At the effective time of the Merger (the "Effective Time"), pursuant to the Merger Agreement, each share of common stock, par value $0.001 per share, of the Company (the "Company Common Stock"), issued and outstanding immediately prior to the Effective Time (other than treasury shares and any shares of Company Common Stock held directly by ADI or Merger Sub) was converted into the right to receive 0.6300 (the "Exchange Ratio") of a fully paid and non-assessable share of common stock, par value $0.16 2/3 per share, of ADI (the "ADI Common Stock"), and, if applicable, cash in lieu of fractional shares, subject to any applicable tax withholding.
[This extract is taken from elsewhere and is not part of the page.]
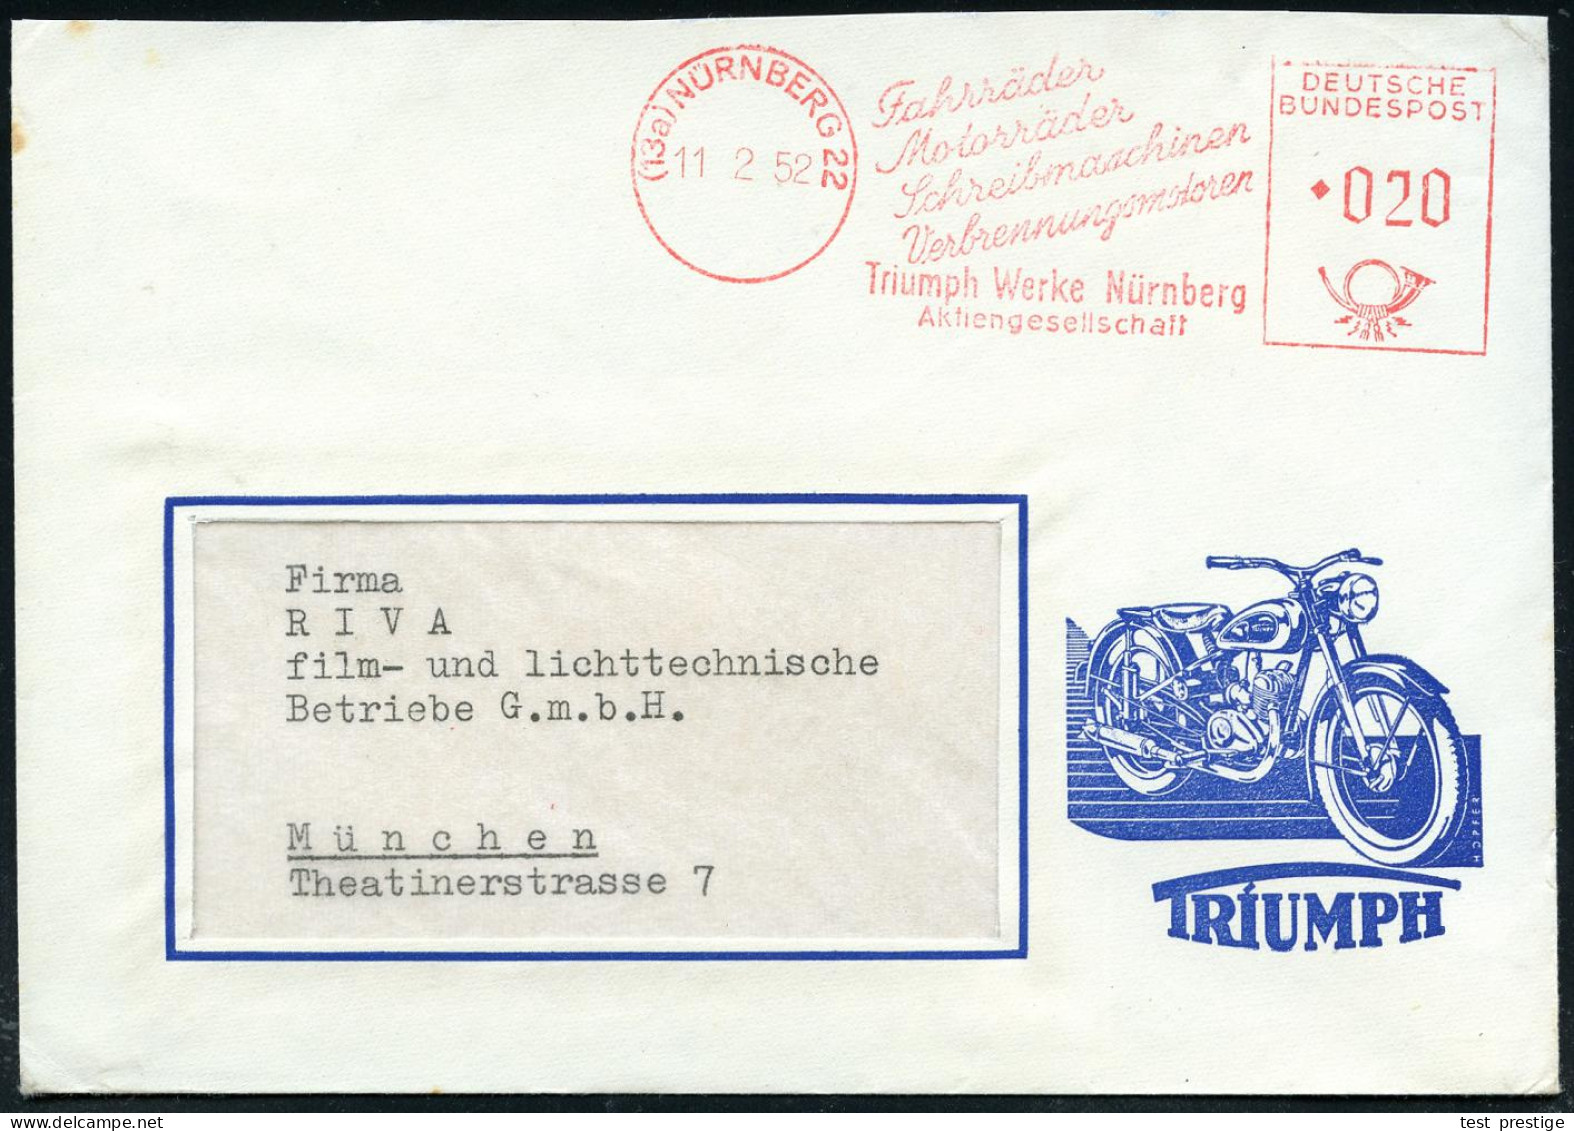 (13a) NÜRNBERG 22/ Fahrräder/ Motrräder/ Schreibmaschinen../ Triumph-Werke.. 1952 (11.2.) AFS Auf Reklame-Bf.: Mit TRIUM - Motorräder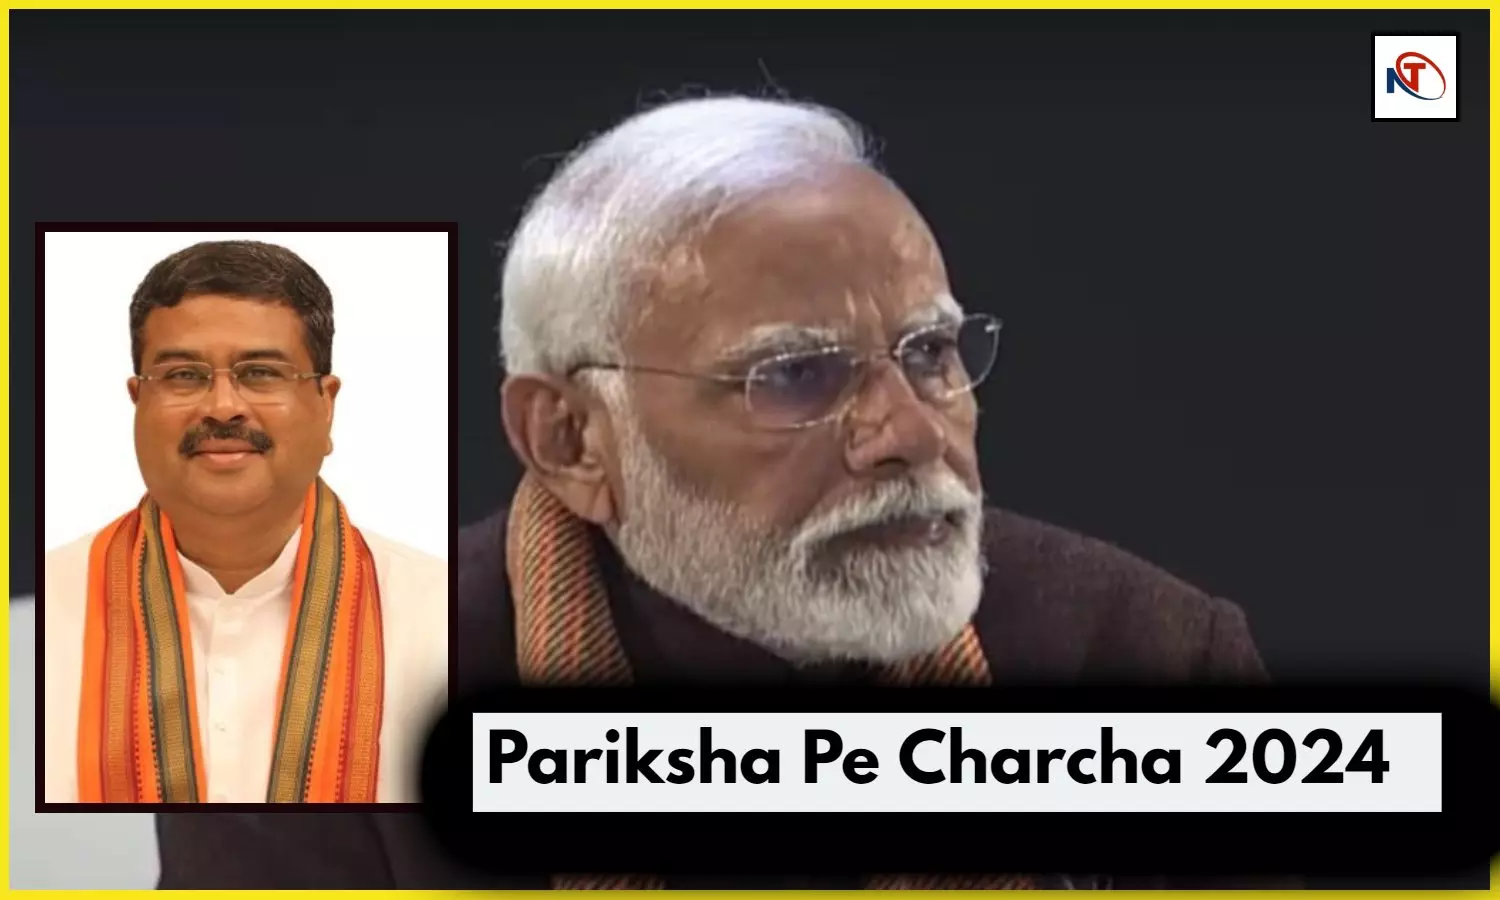 Pariksha Pe Charcha 2024 Highlights Minister Dharmendra Pradhan

In addition, at the Effective Time, (i) all Company restricted stock units and Company restricted shares (excluding any Company restricted stock units and Company restricted shares that by their terms become vested and settled upon the Effective Time) outstanding as of immediately prior to the Effective Time were automatically converted into restricted stock units or restricted shares, as applicable, denominated in shares of ADI Common Stock based on the Exchange Ratio and (ii) all Company performance-based market stock units ("Company MSUs") outstanding as of immediately prior to the Effective Time (other than any Company MSUs that by their terms vested and settled immediately prior to the Effective Time) were automatically converted into time-based restricted stock unit awards denominated in shares of ADI Common Stock based on (x) the number of shares of Company Common Stock subject to each Company MSU after giving effect to any applicable provisions in the award agreement governing the Company MSU with respect to a "change in control" and (y) the Exchange Ratio. Other than the foregoing adjustments, the awards governing such converted restricted stock units or restricted shares, as applicable, will generally remain subject to the same vesting and other terms and conditions that applied to the awards immediately prior to the Effective Time (including the terms and conditions of the Company's applicable change in control plans).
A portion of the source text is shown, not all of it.